Activity
For this exercise, return all the data word for word, with images left out.

Stored data
—————

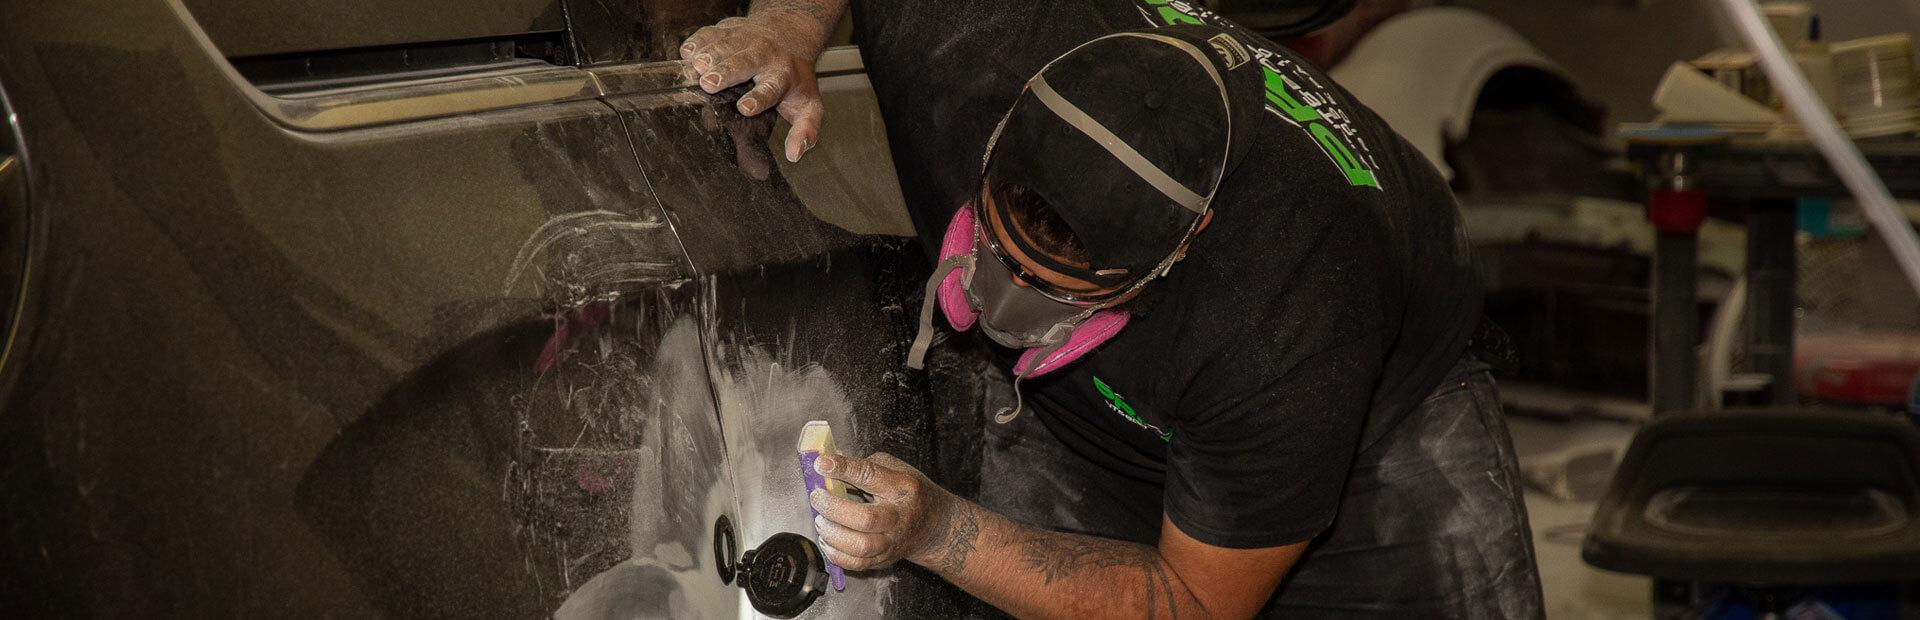 Pride Paint & Body Werks
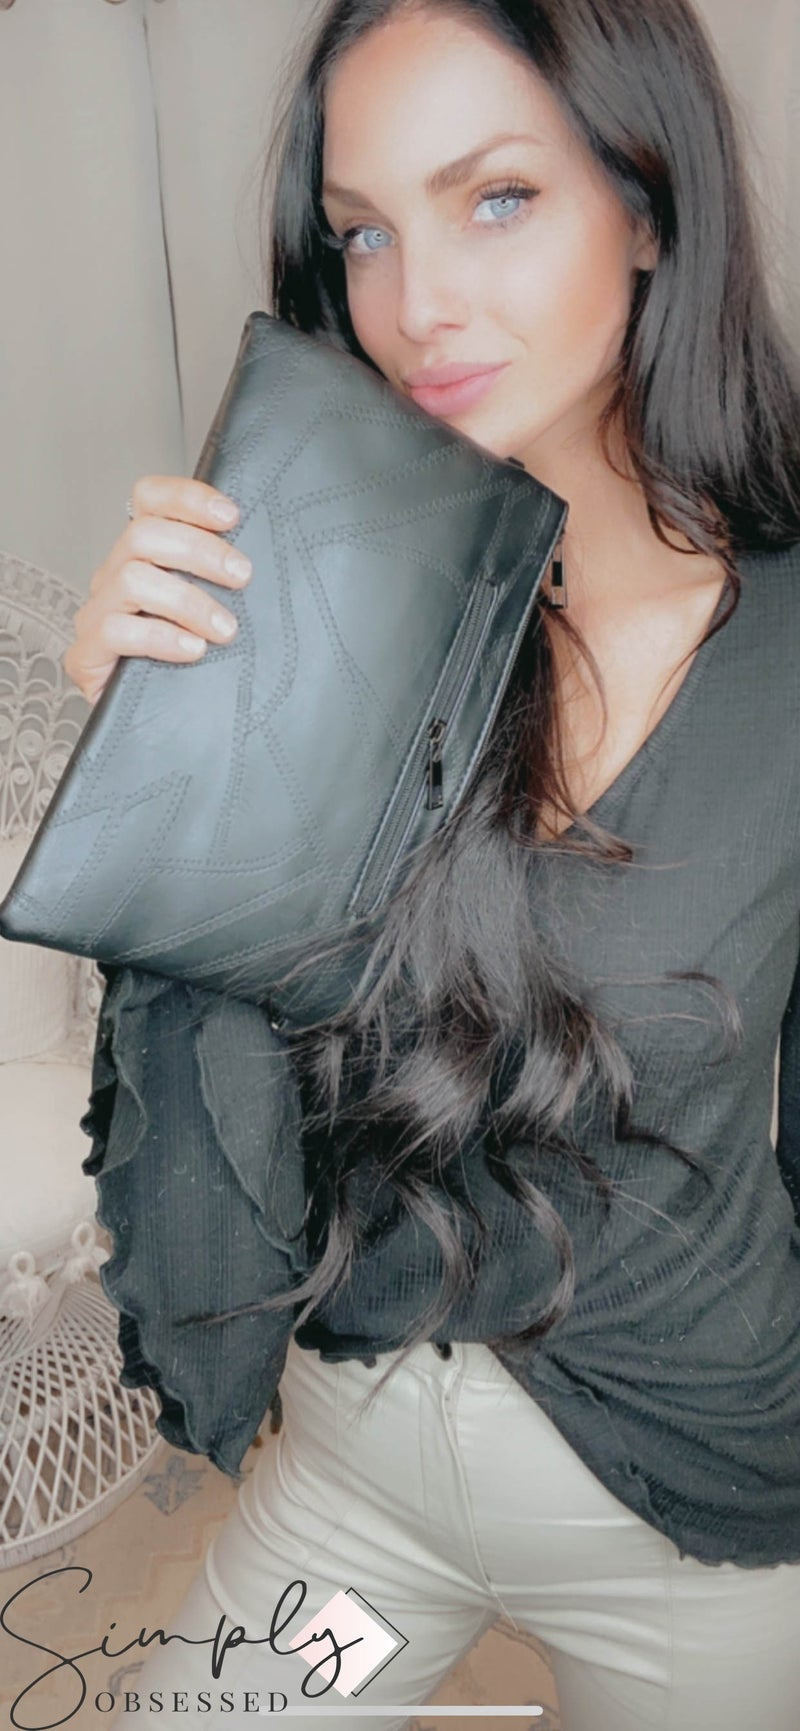 Julia Rose - Studded Envelope Clutch/Handbag
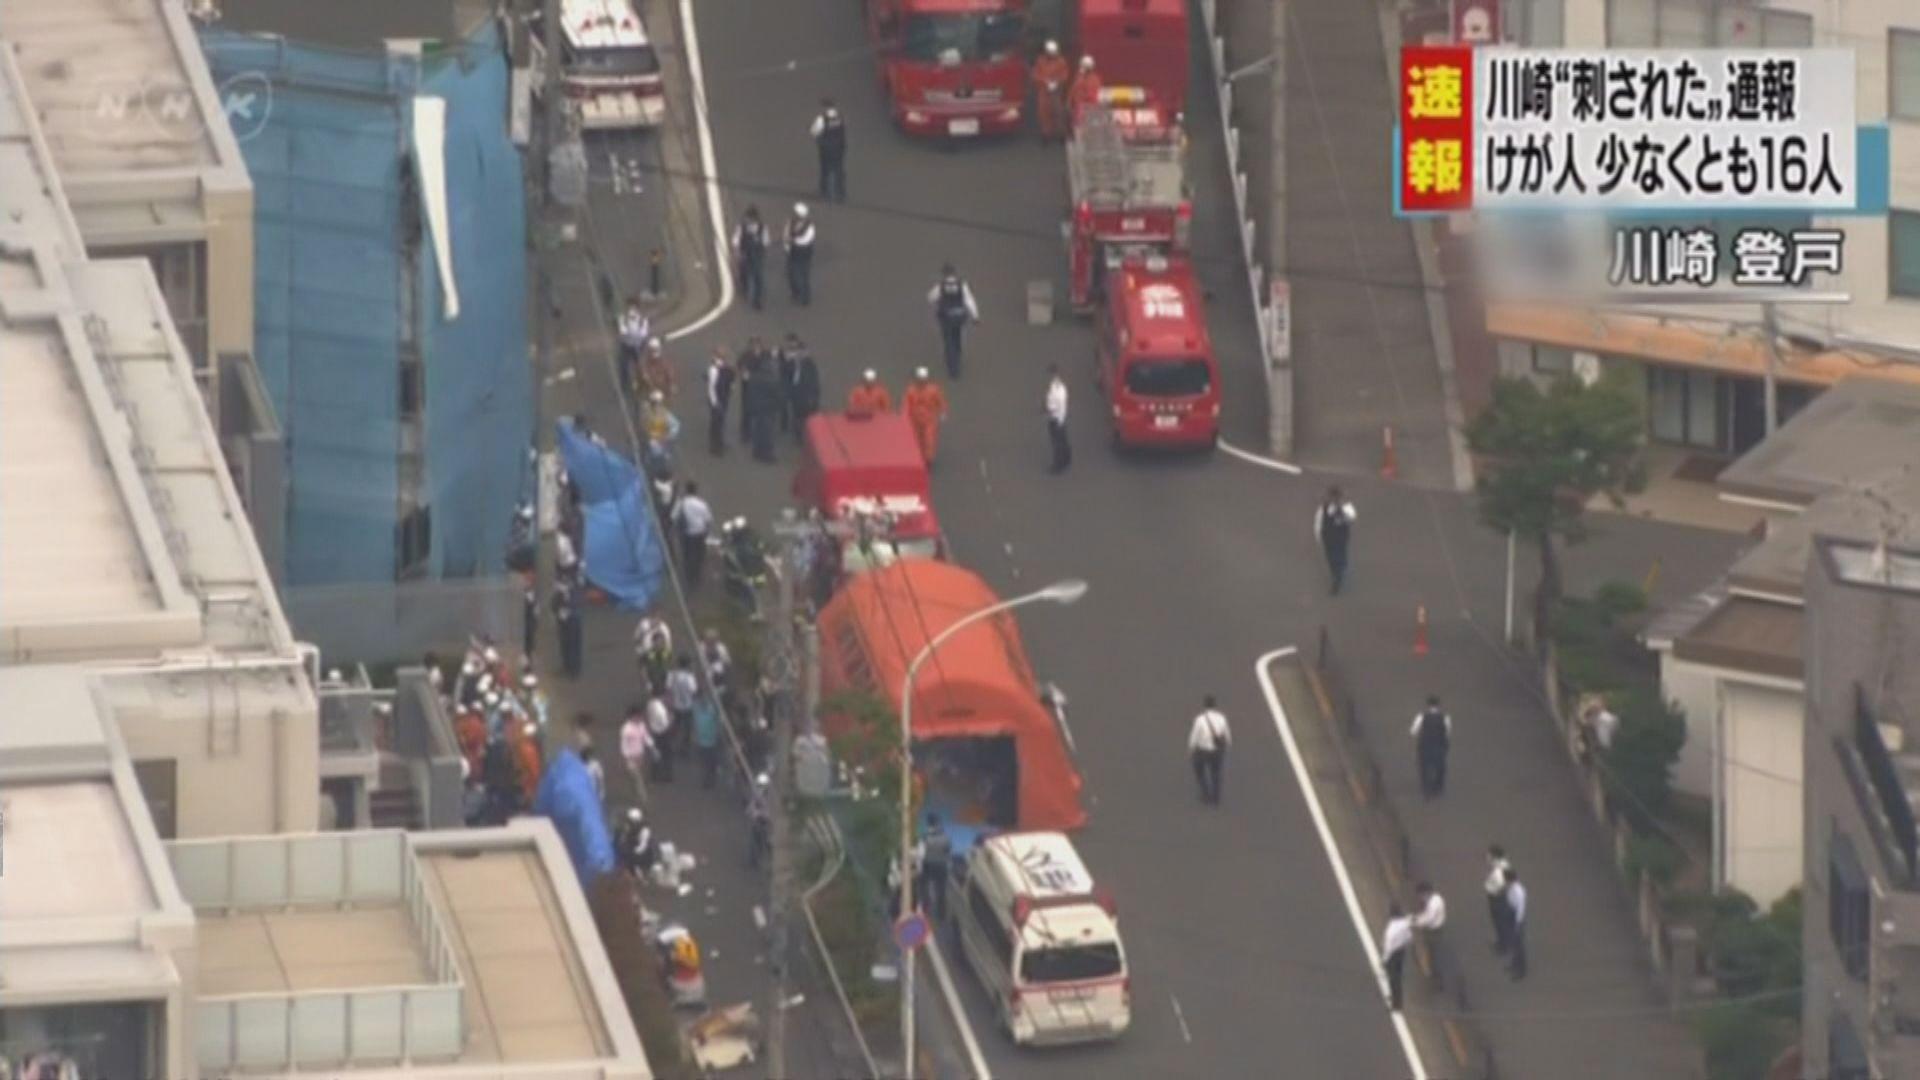 日本神奈川縣發生隨機殺人案 多人死傷
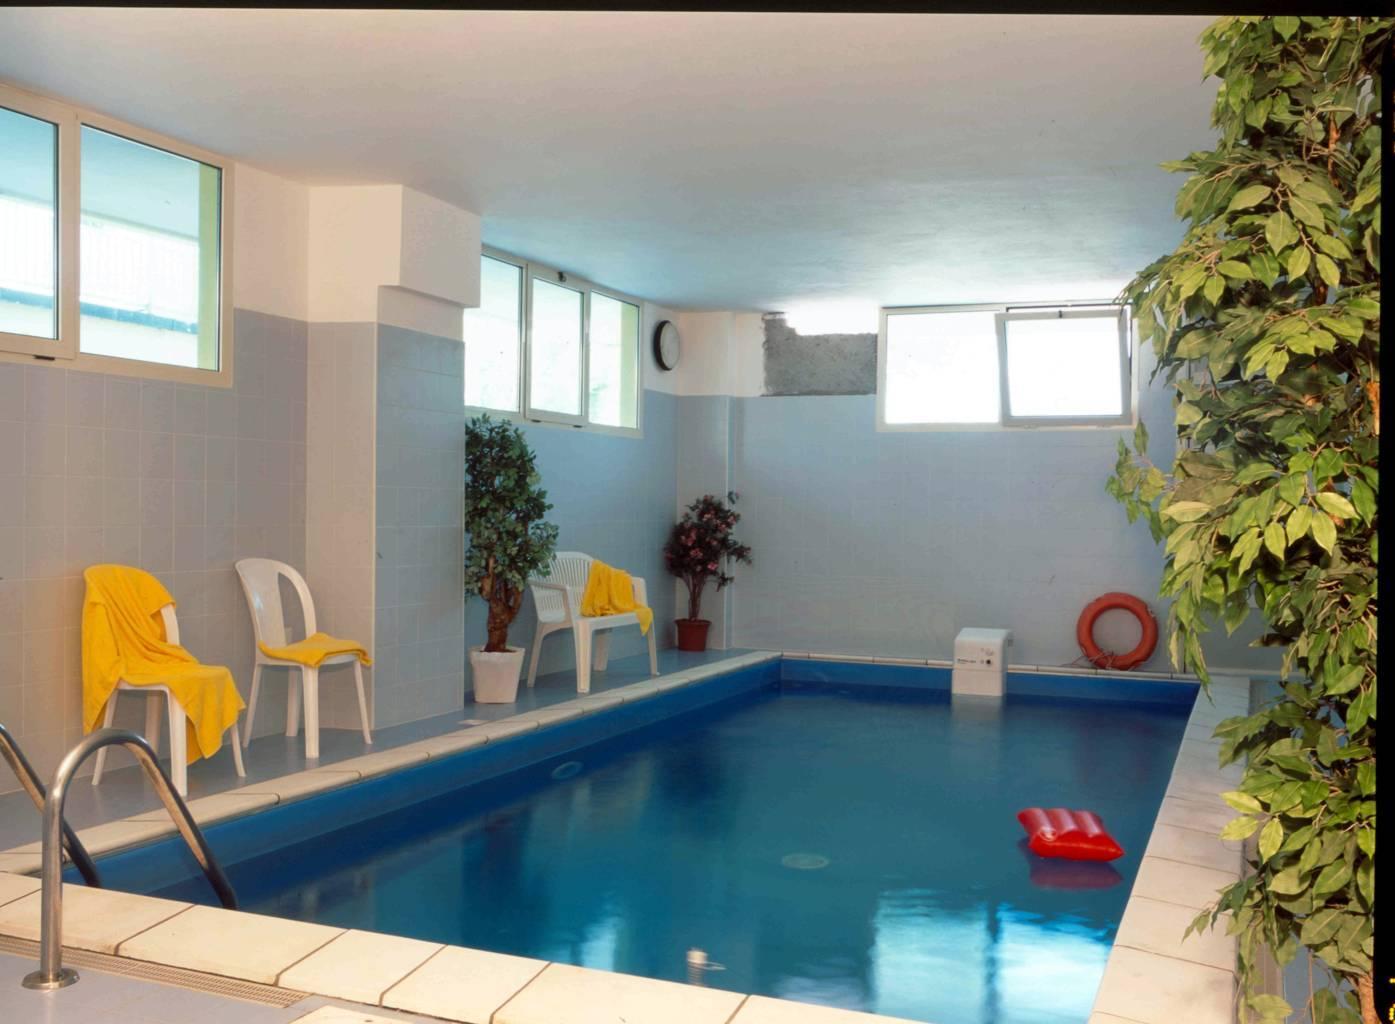 Hotel a rimini con piscina interna remin plaza hotel - Hotel corvara con piscina interna ...

—————

Response to this exercise
 Pride Paint & Body Werks
 Julia Rose - Studded Envelope Clutch/Handbag
 日本神奈川縣發生隨機殺人案 多人死傷
 Hotel a rimini con piscina interna remin plaza hotel - Hotel corvara con piscina interna ...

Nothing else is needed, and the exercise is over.